The mix of housing is key to Patterson's plan. "There's a $2.3 million house next to a $380,000 house, which is four houses down from a $250,000 micro house," he says. And the array of options keeps economic diversity alive and well, so young people aren't priced out. "We need a pipeline of young and diverse talent, period," he maintains. "But you've got to have seasoned people, who the young people can be mentored by."

The mentoring doesn't happen officially, he notes. It happens informally when folks run into one another in town, at the beer garden or a restaurant. "You get all this energy happening naturally," he says.

Patterson doesn't live there. He lives in Decatur, an Atlanta suburb. "My wife says I already live at work, and she wanted me away from there," he explains. But his mother and her husband bought a home at Trilith.

Positioning Trilith to attract young talent fits Patterson's history of mentoring up-and-coming creators. He's a professor at Florida State University's College of Motion Picture Arts, where he served as dean for fourteen years. He has taught at the University of Texas and southern California's Chapman University, where he also served as associate dean, and at the Los Angeles Film School, where he was president.

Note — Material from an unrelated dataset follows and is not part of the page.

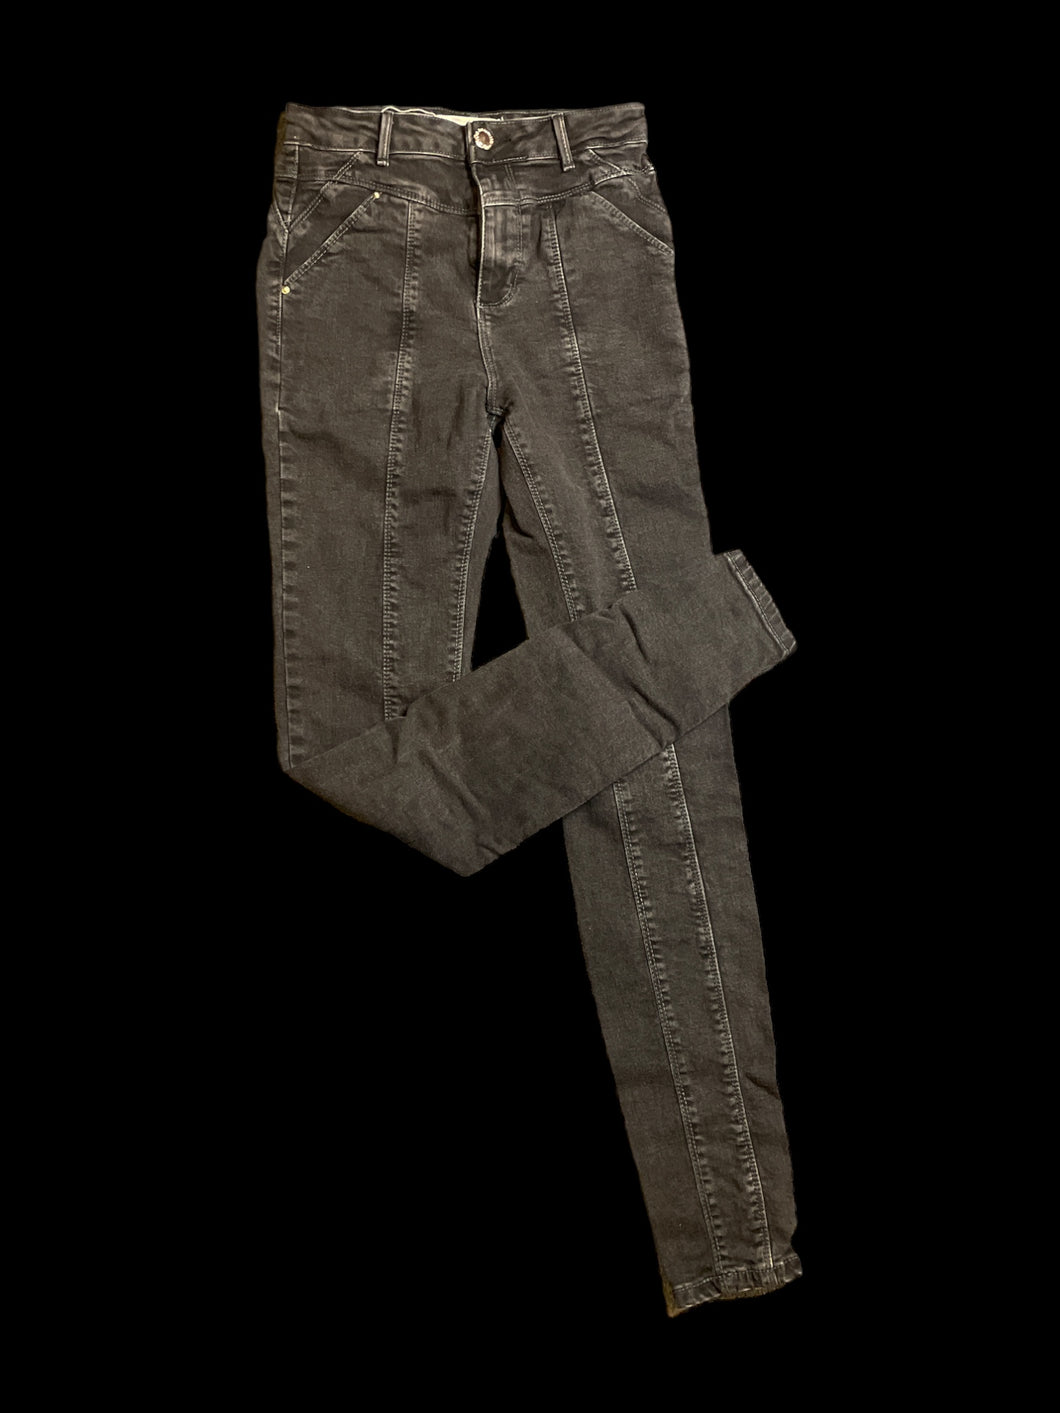 XXS Black denim jeans w/ belt loops, panelling on legs, & button/zipper closure
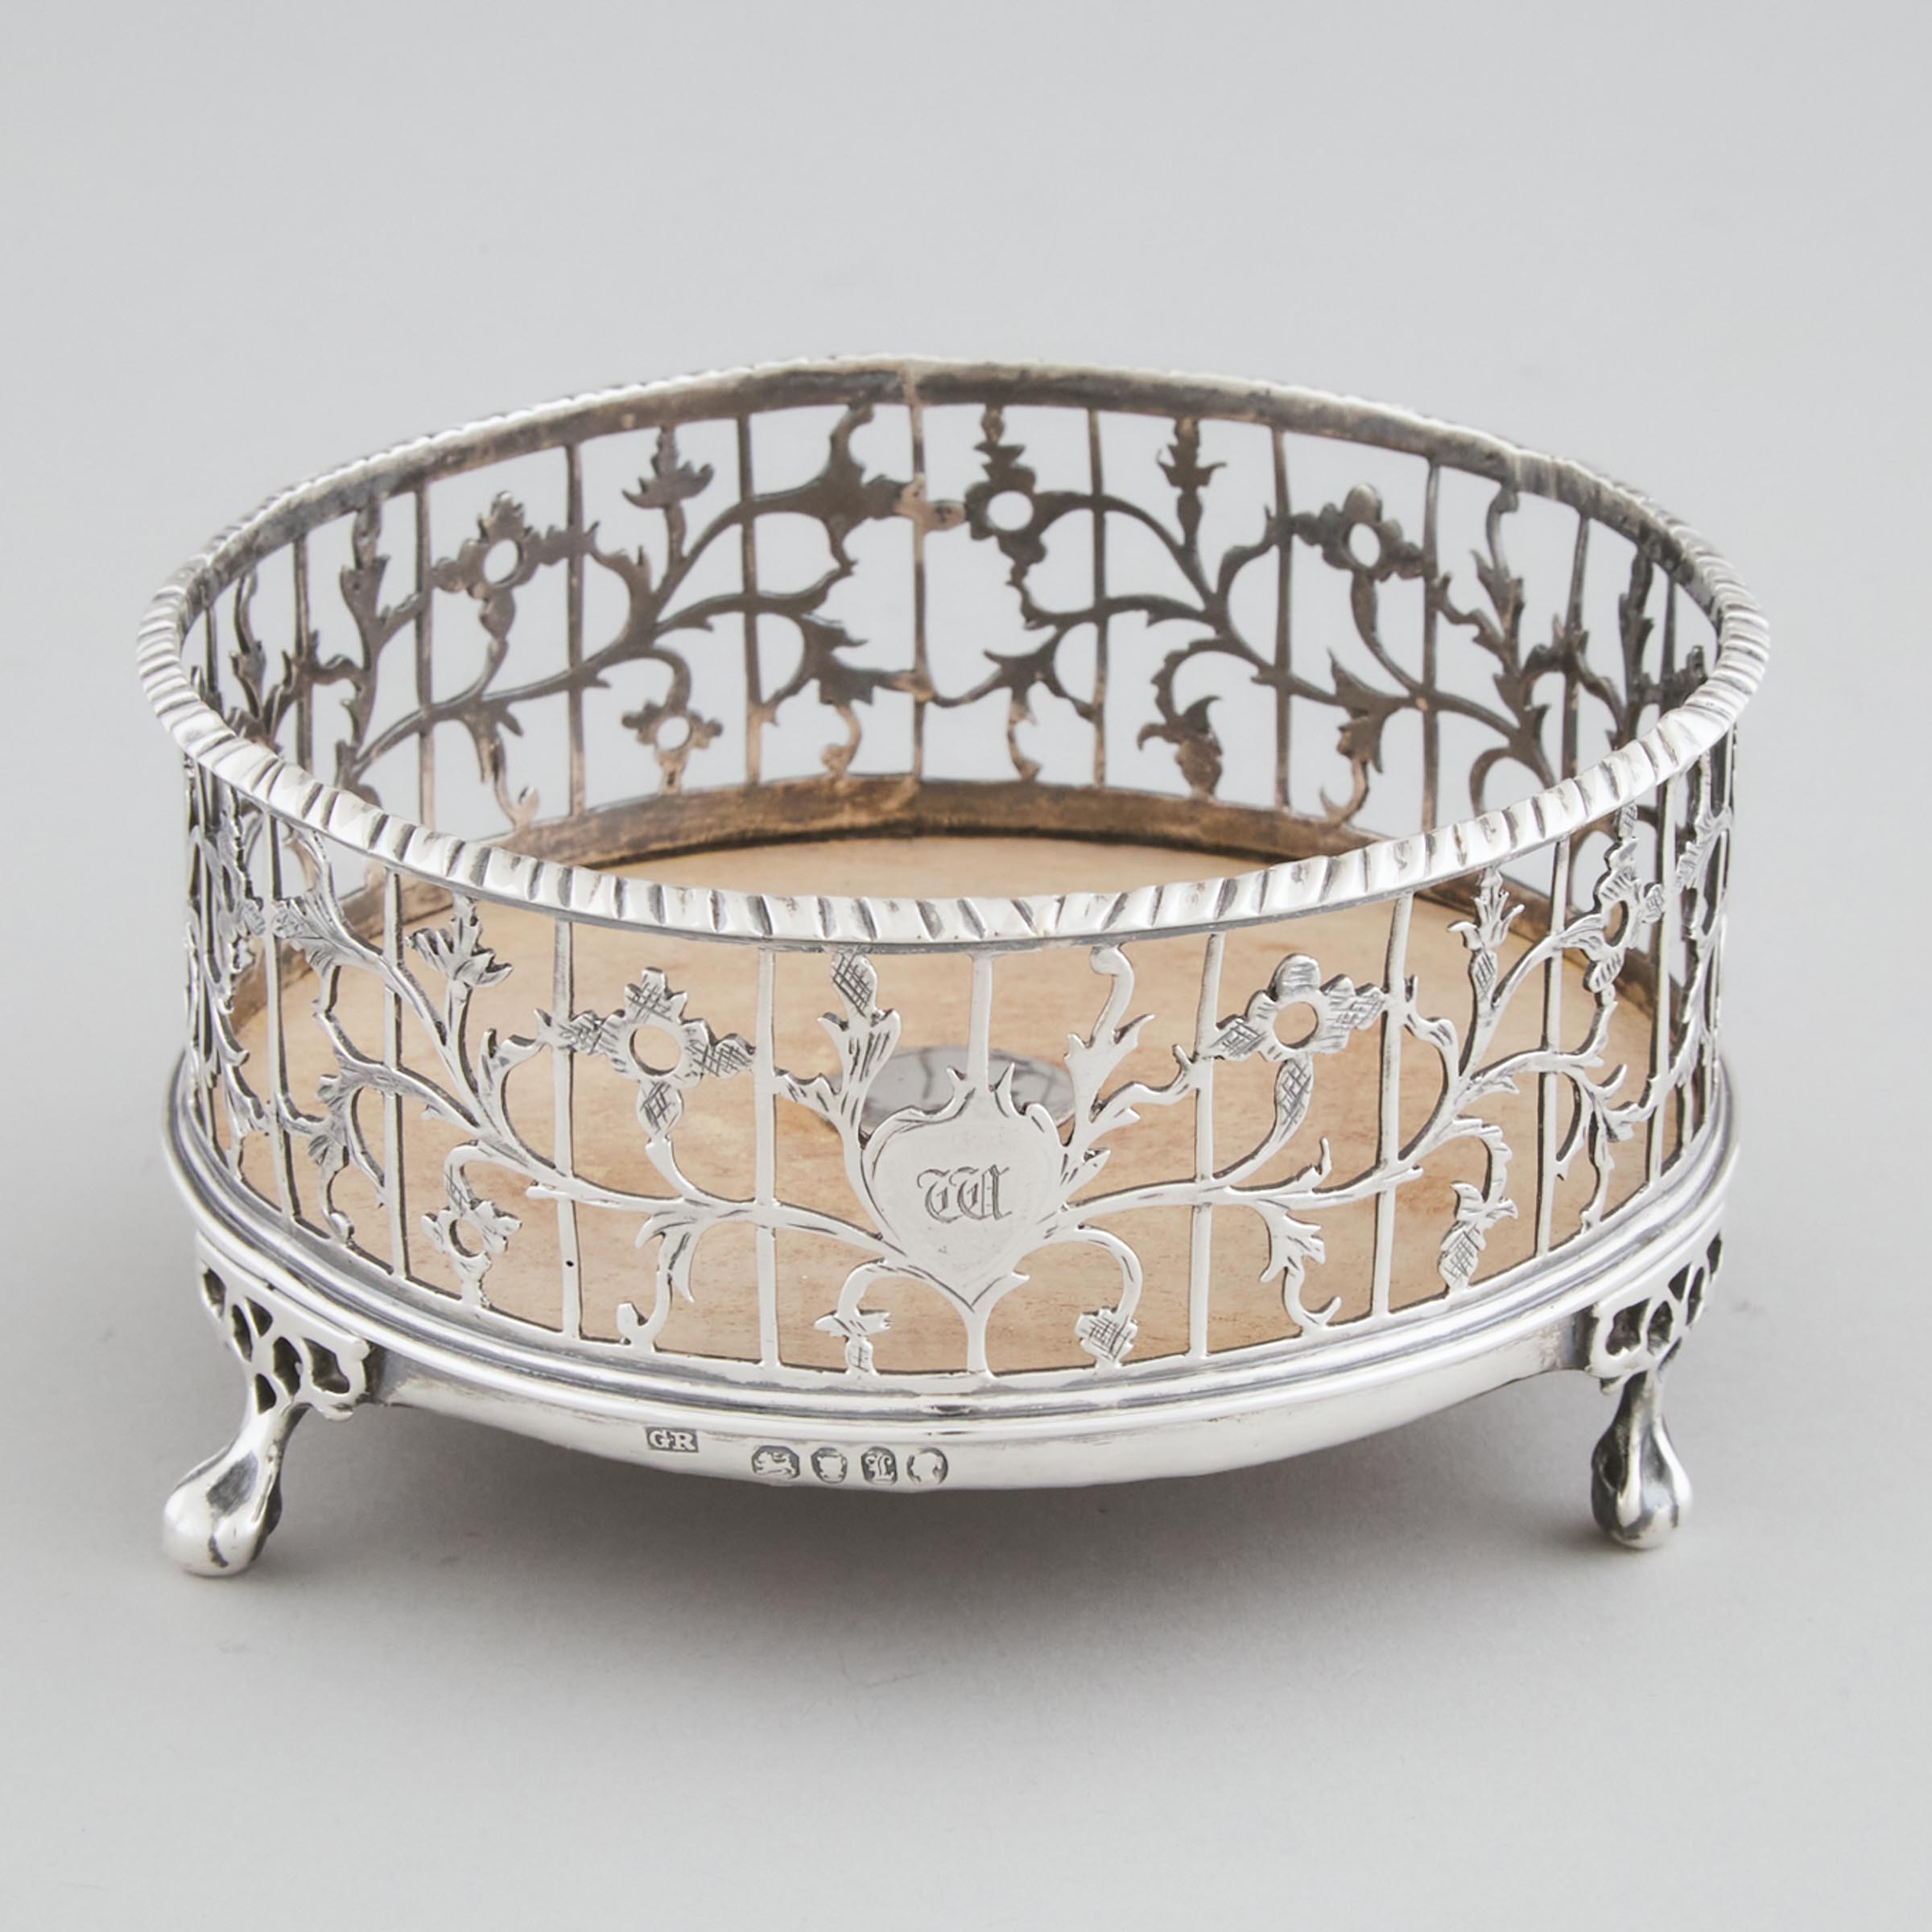 Victorian Silver Pierced Coaster, George Richards, London, 1846

"We have to serve the pipeline of talented storytellers coming up through television," Patterson says. "And the only way to do that is to give them the whole tool set, right there. And while we're ready to serve the biggest filmmakers in the industry, we are also available to serve emerging filmmakers."

Clearly, nurturing young talent feeds Patterson's soul. "I've always focused on mentoring young people to become storytellers," he says. "Now I have a place where they can come and make anything they imagine."